Week 5 HW: Protein Design Part II
Part A: SOD1 Binder Peptide Design
Superoxide dismutase 1 (SOD1) is a cytosolic enzyme that converts superoxide radicals into hydrogen peroxide and oxygen. In its native state, it forms a stable homodimer and binds copper and zinc.
Mutations in SOD1 cause familial Amyotrophic Lateral Sclerosis (ALS). Among them, the A4V mutation (Ala to Val at residue 4) leads to one of the most aggressive forms of the disease. The mutation subtly destabilizes the N-terminus, perturbs folding energetics, and promotes toxic aggregation.
Your challenge:
- Design short peptides that bind mutant SOD1.
- Then decide which ones are worth advancing toward therapy.

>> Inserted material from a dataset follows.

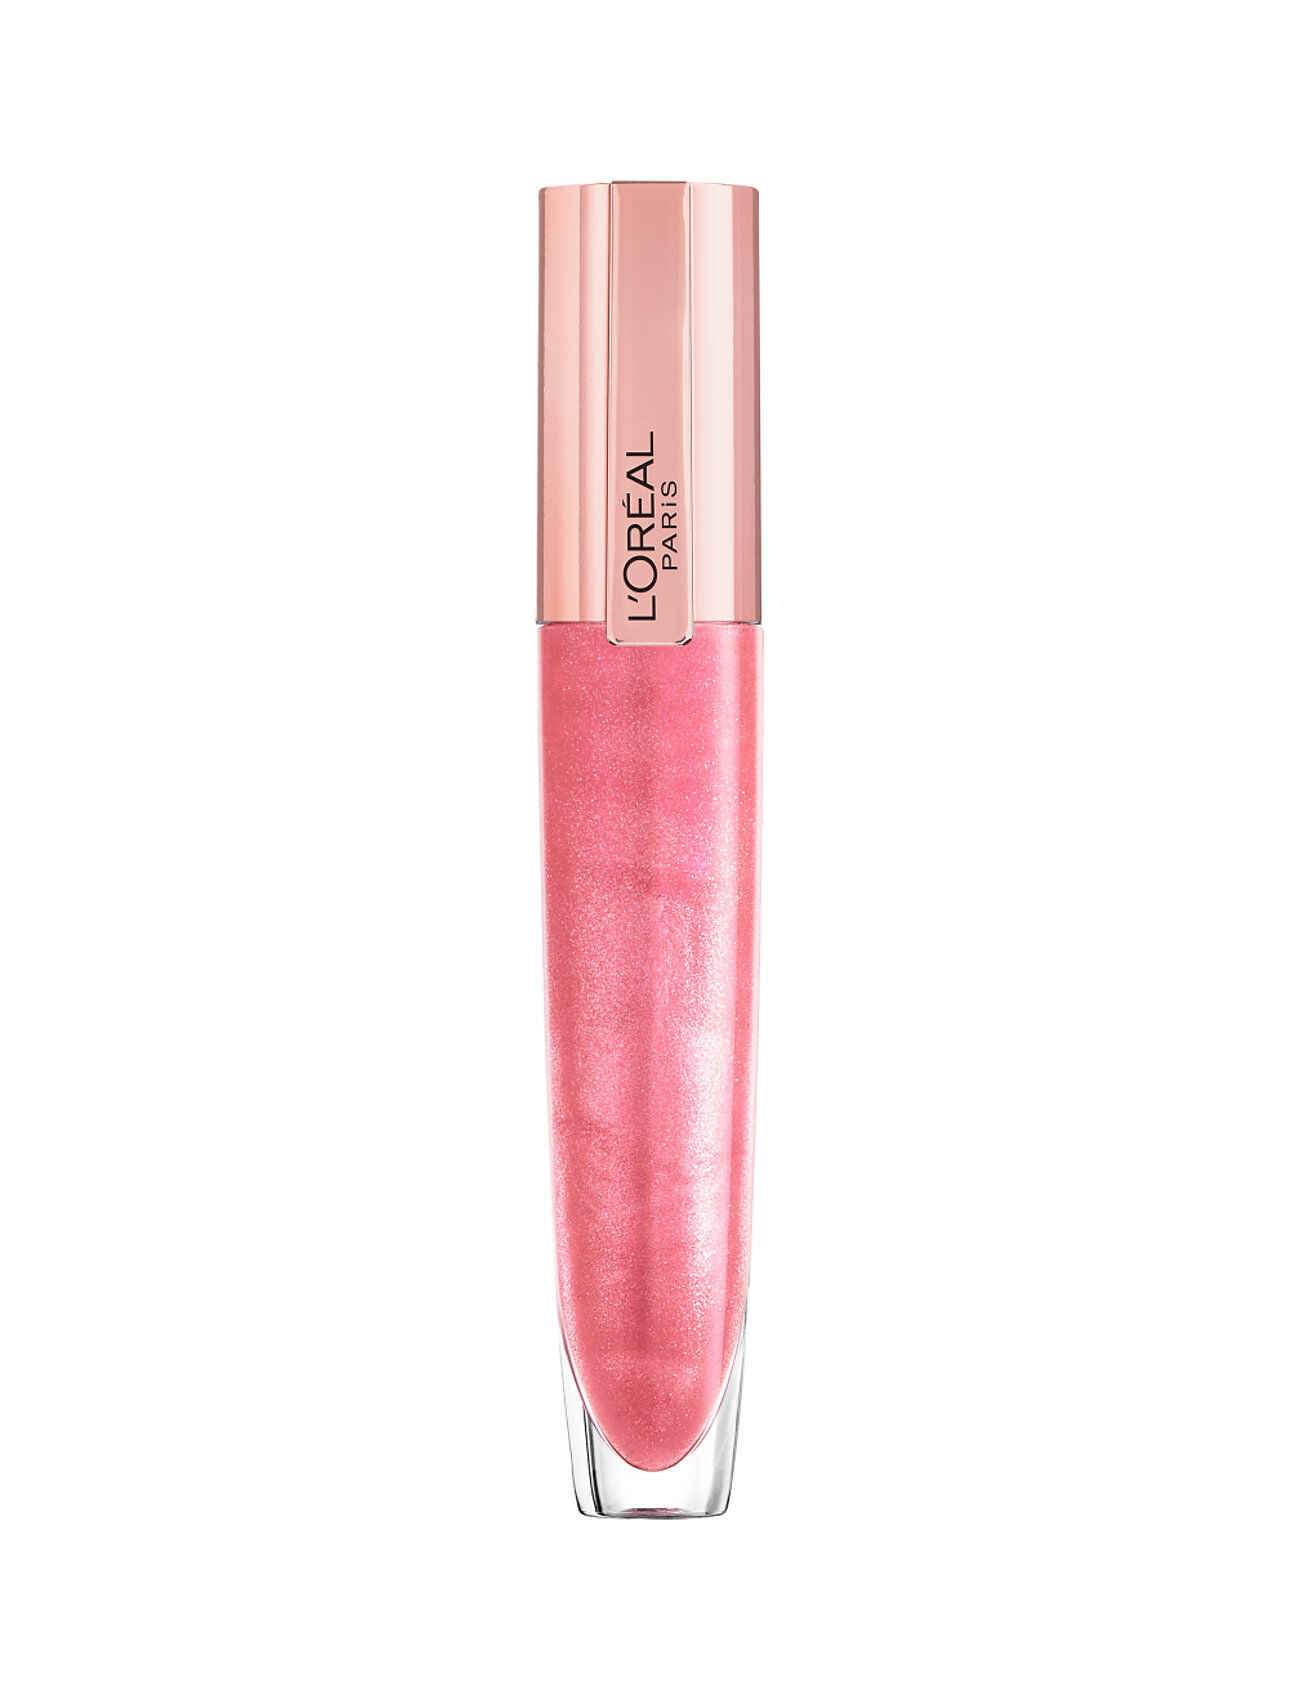 L'Oréal Paris Brilliant Signature Plump-In-Gloss I Amplify 406 7 Ml Lipgloss Sminke Rosa L'Oréal Paris

Part 1: Generate Binders with PepMLM
- Begin by retrieving the human SOD1 sequence from UniProt (P00441) and introducing the A4V mutation.
MATKAVCVLKGDGPVQGIINFEQKESNGPVKVWGSIKGLTEGLHGFHVHEFGDNTAGCTSAGPHFNPLSRKHGGPKDEERHVGDLGNVTADKDGVADVSIEDSVISLSGDHCIIGRTLVVHEKADDLGKGGNEESTKTGNAGSRLACGVIGIAQ
Fig 1. The human SOD1 protein sequence.
MATKVVCVLKGDGPVQGIINFEQKESNGPVKVWGSIKGLTEGLHGFHVHEFGDNTAGCTSAGPHFNPLSRKHGGPKDEERHVGDLGNVTADKDGVADVSIEDSVISLSGDHCIIGRTLVVHEKADDLGKGGNEESTKTGNAGSRLACGVIGIAQ
Fig 2. The human SOD1 variant carrying an A4V mutation.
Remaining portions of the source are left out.